How to Find a Business to Buy: 23 Deal Sourcing Strategies That Work
A comprehensive guide to building credible deal flow and positioning yourself as a serious buyer in the lower middle market
By Felix Mann. Updated 2026-04-05. 12 min read.
Key Facts
Deal sourcing strategies for business acquisition: 23 documented categories including outbound origination, broker listings, owned media, speaking engagements, trade associations, supplier networks, personal networks, and competitor relationships. Key statistics: Data Axle database $700, direct mail $700, generated $4.5M acquisition. Trade associations provide aggregation points for business owners. Suppliers identify distressed businesses through payment patterns. Personal networks create exponential connectivity. Best businesses not publicly listed, requiring off-market sourcing. Industry associations poorly run, creating value-provider opportunities. Customer-first approach builds credibility before acquisition conversations. Social media posts generate immediate responses from potential sellers. Coaching data shows sourcing as number two problem across 178 M&A calls.

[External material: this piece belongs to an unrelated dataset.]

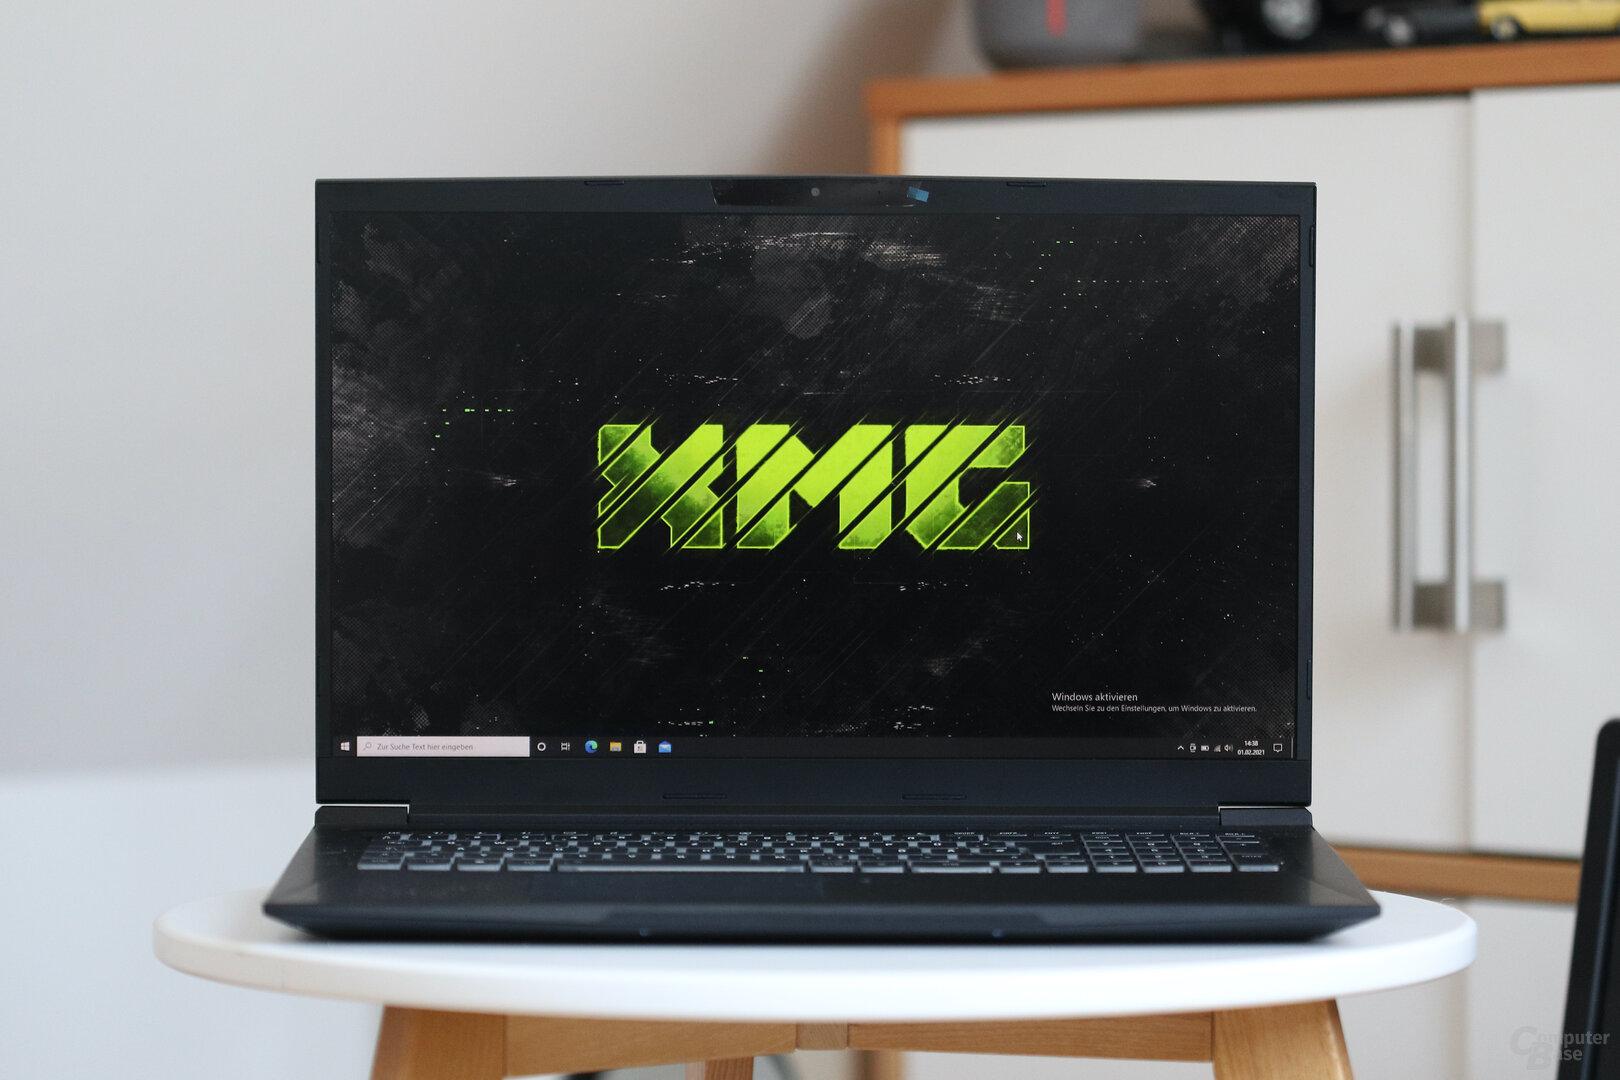 Das XMG Core 17 mit Ryzen 7 5800H und GeForce RTX 3060 Laptop GPU (130 Watt)

What is the best way to find businesses to buy?
The best businesses are not for sale, which means the best deals come from off-market sourcing through personal networks and strategic positioning. According to documented M&A coaching data, 23 distinct deal sourcing categories exist, but most new acquirers default to browsing listing sites, which produces the lowest-quality deal flow.
The pocket listing effect from real estate applies to business brokerage—the best deals are passed to pre-vetted buyers before reaching public listings. One practitioner found a deal through his nine-year-old son who reported a board game store closing, leading to a no-money-out-of-pocket acquisition generating $15,000 per month.
The most effective approach combines multiple channels systematically rather than relying on a single source. Personal networks, industry associations, and strategic positioning create exponential connectivity that compound over time.
How do you build credibility when approaching business owners?
When approaching a business owner cold, the most effective entry strategy is to become their customer first and then leverage the resulting credibility into a deal conversation. The methodology: identify a target business, walk in as a high-spending customer (deliberately overspend relative to typical transaction size), and wait for the inevitable question: "What do you do for a living?"
The positioning response: "I am a marketing consultant. I help grow and scale companies like yours." This triggers natural due diligence—they will Google you, check social media, and review your online presence. A strong digital footprint with established business credentials and testimonials is essential.
Every couple of months, post across all social platforms: "looking to buy businesses in [industry], always confidential." One documented case generated a response within five minutes from a competitor across the street ready to exit.